Nice, that makes perfect sense. That was really a bizarre metaphor even if it got the point across. Why would someone try to thread a needle with a camel?
yeahhh. . . “supposedly”, but reading it in the full context it sure sounds like the opposite.
2 “The teachers of the law and the Pharisees sit in Moses’ seat.
3 So you must be careful to do everything they tell you. But do not do what they do, for they do not practice what they preach.
4 They tie up heavy, cumbersome loads and put them on other people’s shoulders, but they themselves are not willing to lift a finger to move them.
Or arguably not. You’ll find plenty of people on the internet arguing that comparing stuff to camels and needles was perfectly normal at the time.
See here for an example:
http://www.biblicalhebrew.com/nt/camelneedle.htm
There does appear to some support for the argument that a camel or some other large animal was used as a metaphor for something very large and a needle’s eye as a metaphor for a very small space.

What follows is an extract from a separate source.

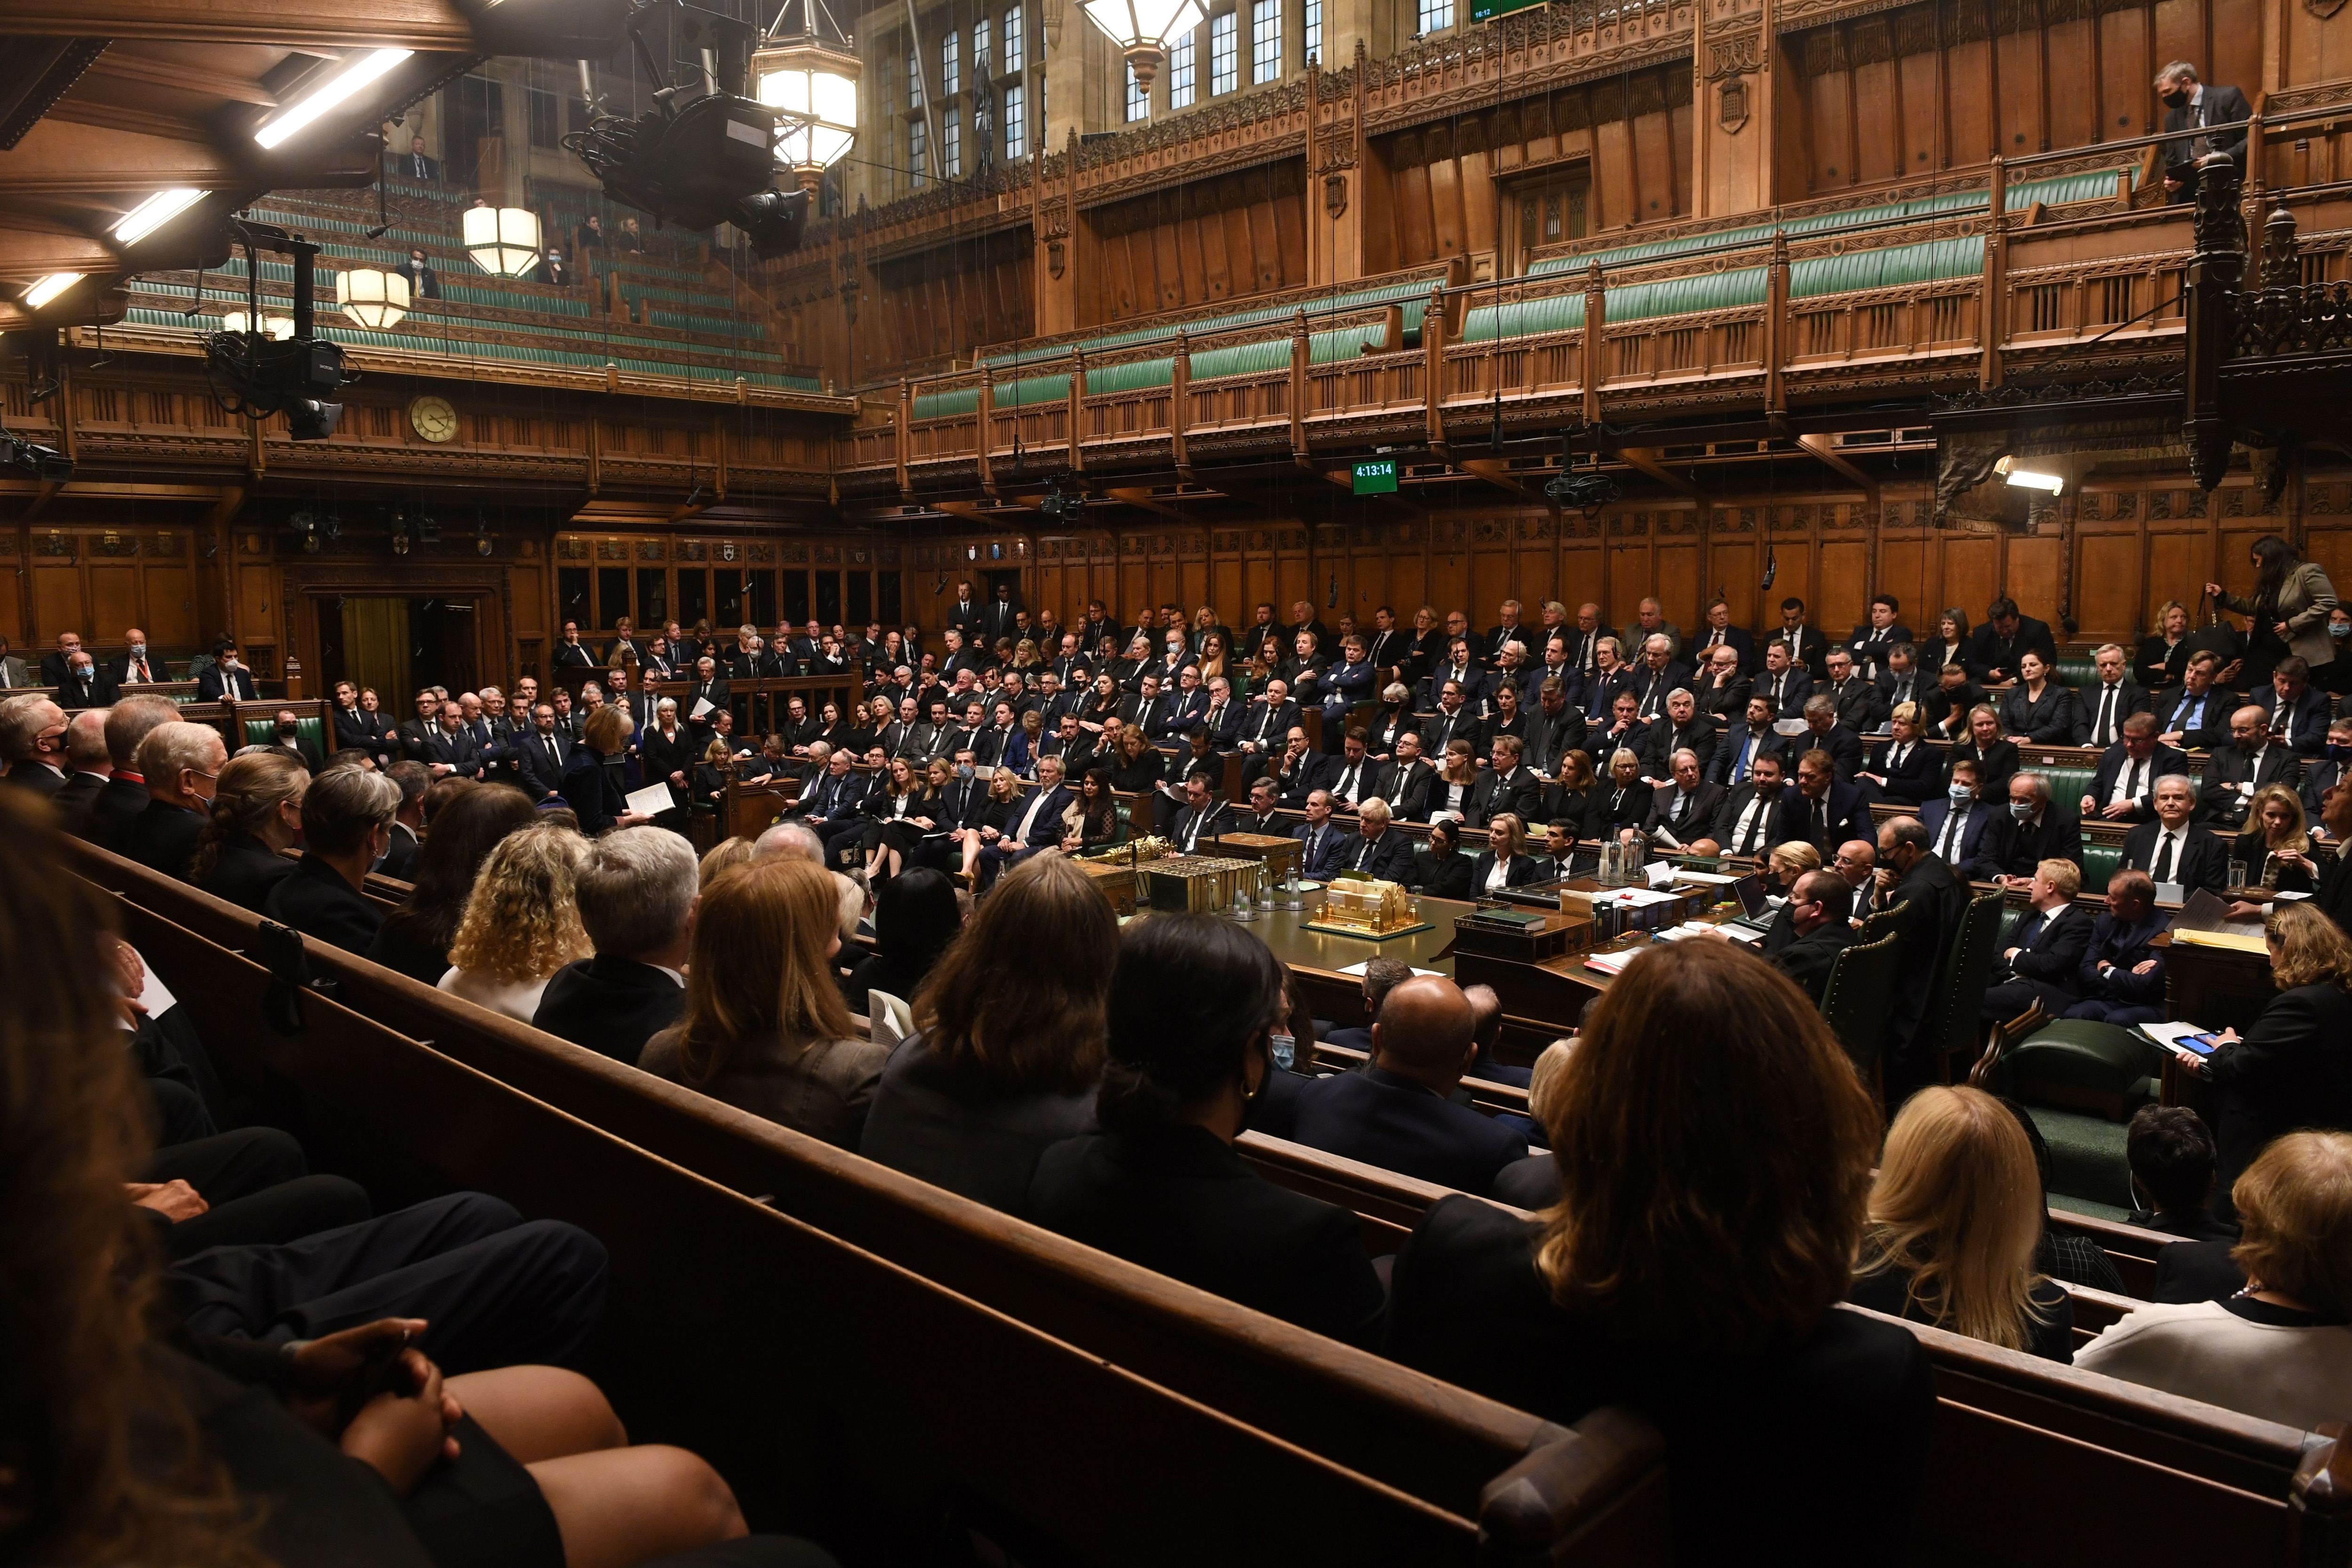 “Los informes sobre el uso indebido de drogas en el Parlamento que se dan en el Sunday Times son profundamente preocupantes" (UK Parliament/Jessica Taylor/Handout via REUTERS)

If that argument is correct he’d have been referencing an allegory/metaphor wellknown to his audience or at least the religiously studied part of it.
Things that are perfectly well understood to those in the know at the time can be completely incomprehensible to later generations.
Darmok and Jalad at Tanagra indeed.
(see, that reference will mystify anyone not familiar with ST:NG).
It definitely makes sense either way, with the meaning unchanged, as long as one is aware of what the eye of the needle is and what a camel is. There is something more elegant and direct about it refering to a rope as there is direct relationship between a rope and a thread and the visualization of this would be more immediate. It wasn’t until today that I was even aware that there were serious discussions about the origin of this.
“…easier for a rich man to enter the Kingdom of Heaven than it is for the Sunday Times to fit through a standard letter box.”
Yup. Still works.
It is isn’t it.
I didn’t know anything about it either until Tamsin_Bailey posted it.
It’s very cool. In a “I like to party. And by party, I mean engage in biblical hermeneutics” sort of way.
Yes, just much less accessible to the common person. I adore Garfunkel and Oates!